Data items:
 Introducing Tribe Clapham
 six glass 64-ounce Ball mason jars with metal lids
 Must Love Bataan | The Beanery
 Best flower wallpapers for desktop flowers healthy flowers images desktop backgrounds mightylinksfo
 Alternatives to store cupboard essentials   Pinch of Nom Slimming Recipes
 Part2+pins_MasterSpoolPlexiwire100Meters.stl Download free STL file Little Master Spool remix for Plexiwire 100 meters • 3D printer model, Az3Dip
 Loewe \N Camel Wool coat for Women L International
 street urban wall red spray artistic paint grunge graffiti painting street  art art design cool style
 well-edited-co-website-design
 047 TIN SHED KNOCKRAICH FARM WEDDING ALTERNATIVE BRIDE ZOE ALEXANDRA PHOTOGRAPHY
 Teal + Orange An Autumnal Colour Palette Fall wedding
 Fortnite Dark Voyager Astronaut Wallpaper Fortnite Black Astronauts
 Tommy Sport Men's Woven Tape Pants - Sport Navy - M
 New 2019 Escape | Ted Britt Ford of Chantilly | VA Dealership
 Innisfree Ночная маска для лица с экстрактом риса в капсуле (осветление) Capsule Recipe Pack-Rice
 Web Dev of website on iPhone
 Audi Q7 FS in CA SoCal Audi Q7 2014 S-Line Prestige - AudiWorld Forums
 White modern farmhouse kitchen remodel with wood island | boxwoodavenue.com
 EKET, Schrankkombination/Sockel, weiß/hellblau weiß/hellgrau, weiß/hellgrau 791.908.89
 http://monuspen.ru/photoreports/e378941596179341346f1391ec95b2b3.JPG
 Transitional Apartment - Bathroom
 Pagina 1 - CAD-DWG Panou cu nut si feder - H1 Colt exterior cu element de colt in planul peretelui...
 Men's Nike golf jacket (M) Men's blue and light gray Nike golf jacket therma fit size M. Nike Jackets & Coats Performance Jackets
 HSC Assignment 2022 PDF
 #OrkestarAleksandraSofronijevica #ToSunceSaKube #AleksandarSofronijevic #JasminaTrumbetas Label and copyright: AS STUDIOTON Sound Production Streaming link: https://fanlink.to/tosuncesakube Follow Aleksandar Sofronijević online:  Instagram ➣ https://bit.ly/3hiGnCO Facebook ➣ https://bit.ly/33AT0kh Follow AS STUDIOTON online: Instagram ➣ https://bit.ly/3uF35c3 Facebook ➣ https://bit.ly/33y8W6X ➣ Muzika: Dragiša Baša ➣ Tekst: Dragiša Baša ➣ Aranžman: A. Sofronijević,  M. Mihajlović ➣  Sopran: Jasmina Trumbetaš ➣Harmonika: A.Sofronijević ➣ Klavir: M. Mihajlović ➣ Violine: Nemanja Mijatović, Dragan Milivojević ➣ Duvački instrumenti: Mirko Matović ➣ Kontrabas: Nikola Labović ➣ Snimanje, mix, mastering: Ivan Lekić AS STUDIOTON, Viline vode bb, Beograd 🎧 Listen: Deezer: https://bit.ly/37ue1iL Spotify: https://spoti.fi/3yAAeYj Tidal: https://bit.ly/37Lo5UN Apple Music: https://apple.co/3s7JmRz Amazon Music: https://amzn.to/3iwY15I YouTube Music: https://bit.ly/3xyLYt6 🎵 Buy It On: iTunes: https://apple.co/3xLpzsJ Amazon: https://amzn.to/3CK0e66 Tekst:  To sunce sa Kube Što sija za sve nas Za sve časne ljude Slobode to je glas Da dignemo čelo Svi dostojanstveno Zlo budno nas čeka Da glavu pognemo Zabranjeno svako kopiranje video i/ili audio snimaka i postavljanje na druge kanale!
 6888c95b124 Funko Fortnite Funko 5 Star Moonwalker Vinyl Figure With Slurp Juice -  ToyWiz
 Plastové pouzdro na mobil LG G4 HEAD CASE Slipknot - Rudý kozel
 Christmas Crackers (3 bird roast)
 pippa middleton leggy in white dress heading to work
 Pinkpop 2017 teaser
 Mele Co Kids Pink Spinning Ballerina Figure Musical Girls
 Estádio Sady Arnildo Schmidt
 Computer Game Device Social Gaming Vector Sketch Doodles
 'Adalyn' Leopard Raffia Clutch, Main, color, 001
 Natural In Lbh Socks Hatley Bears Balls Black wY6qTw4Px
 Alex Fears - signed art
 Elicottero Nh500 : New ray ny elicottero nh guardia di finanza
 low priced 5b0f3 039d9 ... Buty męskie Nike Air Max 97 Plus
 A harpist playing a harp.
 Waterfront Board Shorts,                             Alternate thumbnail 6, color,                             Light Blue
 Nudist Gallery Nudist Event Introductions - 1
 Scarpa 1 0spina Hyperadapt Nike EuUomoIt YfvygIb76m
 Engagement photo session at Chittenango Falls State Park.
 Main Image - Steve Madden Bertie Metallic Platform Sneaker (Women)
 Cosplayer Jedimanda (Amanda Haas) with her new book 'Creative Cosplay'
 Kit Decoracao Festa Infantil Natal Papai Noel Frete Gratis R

WHAT IS NEEDED> Produce a verbatim copy of the lines from the one holding "Alex Fears - signed art" to the final line of the data, and nothing more.

EXPECTED ANSWER>
 Alex Fears - signed art
 Elicottero Nh500 : New ray ny elicottero nh guardia di finanza
 low priced 5b0f3 039d9 ... Buty męskie Nike Air Max 97 Plus
 A harpist playing a harp.
 Waterfront Board Shorts,                             Alternate thumbnail 6, color,                             Light Blue
 Nudist Gallery Nudist Event Introductions - 1
 Scarpa 1 0spina Hyperadapt Nike EuUomoIt YfvygIb76m
 Engagement photo session at Chittenango Falls State Park.
 Main Image - Steve Madden Bertie Metallic Platform Sneaker (Women)
 Cosplayer Jedimanda (Amanda Haas) with her new book 'Creative Cosplay'
 Kit Decoracao Festa Infantil Natal Papai Noel Frete Gratis R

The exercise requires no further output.